Again, DRM is intrinsically linked to planned obsolescence - what would be the initiative's value if publishers were left free to add arbitrary expiration dates with DRM? Your point does not make sense. Time alone doesn’t invalidate research - only better research can do that. And for what it’s worth, my efforts extend well beyond “saving gaming from a chair,” while you attempt to diminish them from your own, which is ironic in itself.

If you want to be taken seriously, you need to back your claims with evidence. Otherwise, it comes off as baseless dismissal. For all I know, you might just be another alt-account echoing industry lines, mistaking sarcasm for argument.

Either way, your disagreement had been noted. You're welcome to join our action and make constructive suggestions to improve it in a way that would satisfy you and help push the gaming industry forward: https://store.steampowered.com/curator/26095454-Denuvo-Games/

And let’s be clear: the burden of proof isn’t on us to accept DRM - it’s on you to justify it. If you can't, the market will decide. We’ll simply spend our money elsewhere.

You're really not getting this.

I don't like DRM but understand why it's used and agree that piracy is a problem and accept that publishers have the right to do what they choose to prevent it. In this sense, I support their choice, as I recognize their position.

I do not agree that the petition is making any claim regarding DRM explicitly and your use of it as a platform for any anti-DRM crusade is a disservice to the initiative. which again, I agree with. The petition has a strong case regarding aspects of ownership while DRM remains highly debatable. If the former wins, the latter will follow so focus your efforts; lose a battle but win the war type thing.

You have not made a coherent argument regarding DRM's role in that for which the petition is arguing.

I am too old for concern over how you feel about me. No alts: I am always myself, face to face or behind the keyboard. And I won't be joining any armchair revolution, nor have I made any claims that need proof and there is no irony in my position.

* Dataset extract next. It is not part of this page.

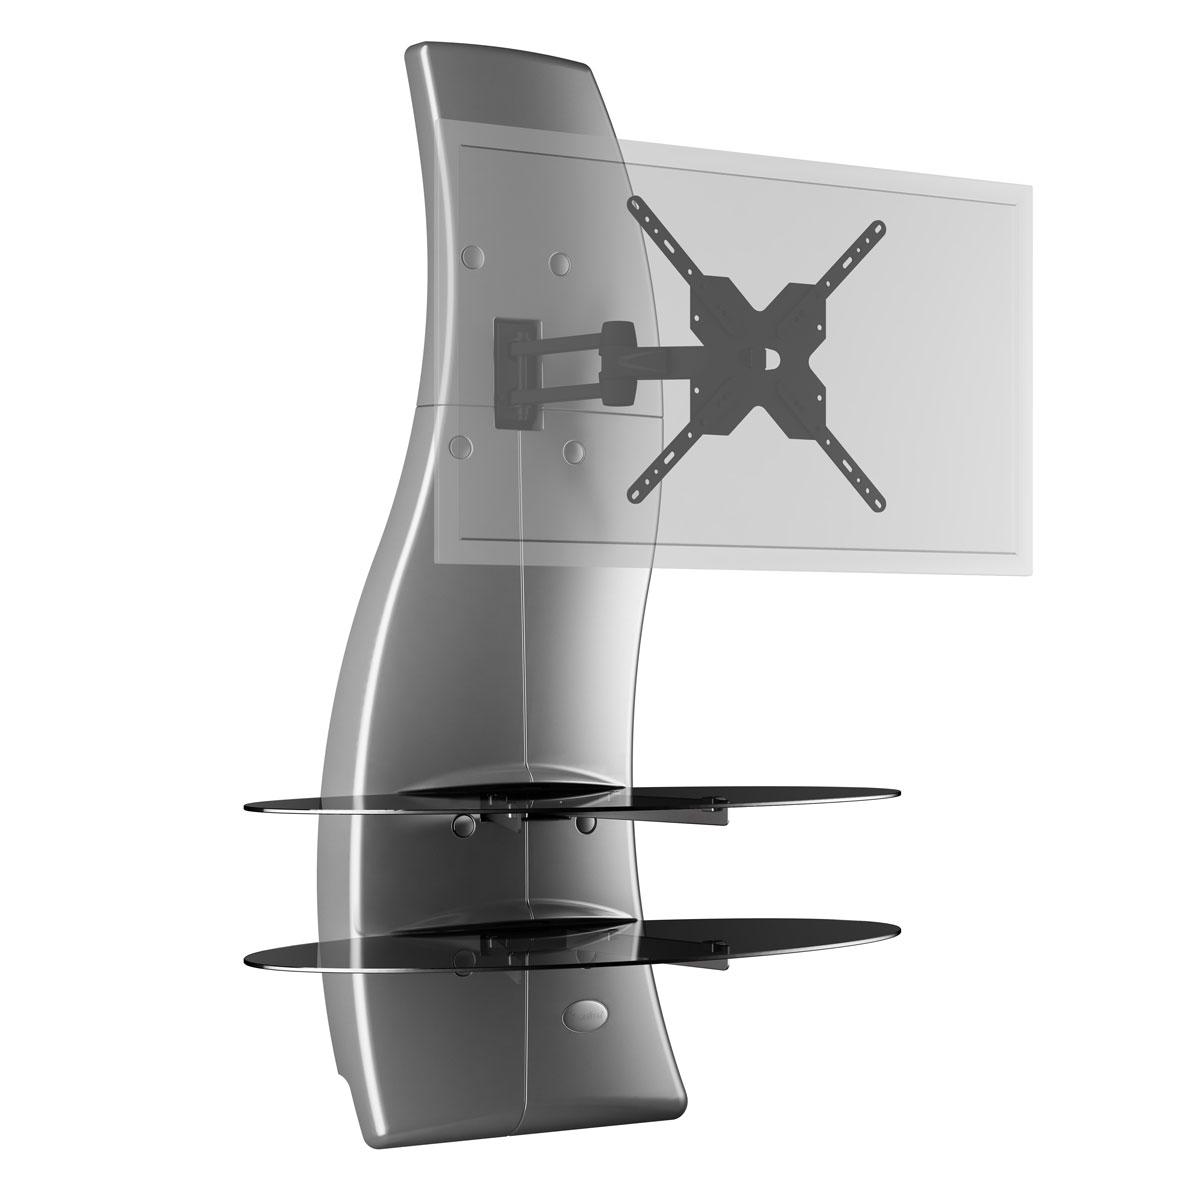 meliconi ghost design 2000 rotation argent meuble tv meliconi sur ldlc. Black Bedroom Furniture Sets. Home Design Ideas

At the risk or sounding cynical, in my experience, most people believe in very few things for which they will actually sacrifice anything at all. D:DA will sell very well indeed. You'll probably buy it too and make your un-owned game total 789. ;)

Good luck and I hope the petition succeeds.
Автор сообщения: lukaself
You know that pirated download sites quickly appeared after "inZOI" removed "Denuvo", so can you guarantee that the game will not be cracked without "Denuvo"?
Although it is still possible to bypass it with "Denuvo", it at least requires crackers to spend time and have the ability to crack it. Removing it will only open the door to crackers.
Отредактировано MILKElikeCAT; 9 апр в 4:30
Автор сообщения: MILKElikeCAT
Автор сообщения: lukaself
You know that pirated download sites quickly appeared after "inZOI" removed "Denuvo", so can you guarantee that the game will not be cracked without "Denuvo"?
Although it is still possible to bypass it with "Denuvo", it at least requires crackers to spend time and have the ability to crack it. Removing it will only open the door to crackers.
It might surprise you but Denuvo's adoption rate on Steam is below 0.2%. Last year, only 30 games used Denuvo over the 15k Steam releases each year - among them, more than 500 AA and AAA. It's down 30% compared to the year before. The best part? For the past decade, the top seller has almost consistently been a DRM-free game: Baldur's Gate 3, Palworld, Elden Ring (not DRM-free but no Denuvo there), Valheim, Hollow Knight, Hades, The Witcher, Cyberpunk 2077...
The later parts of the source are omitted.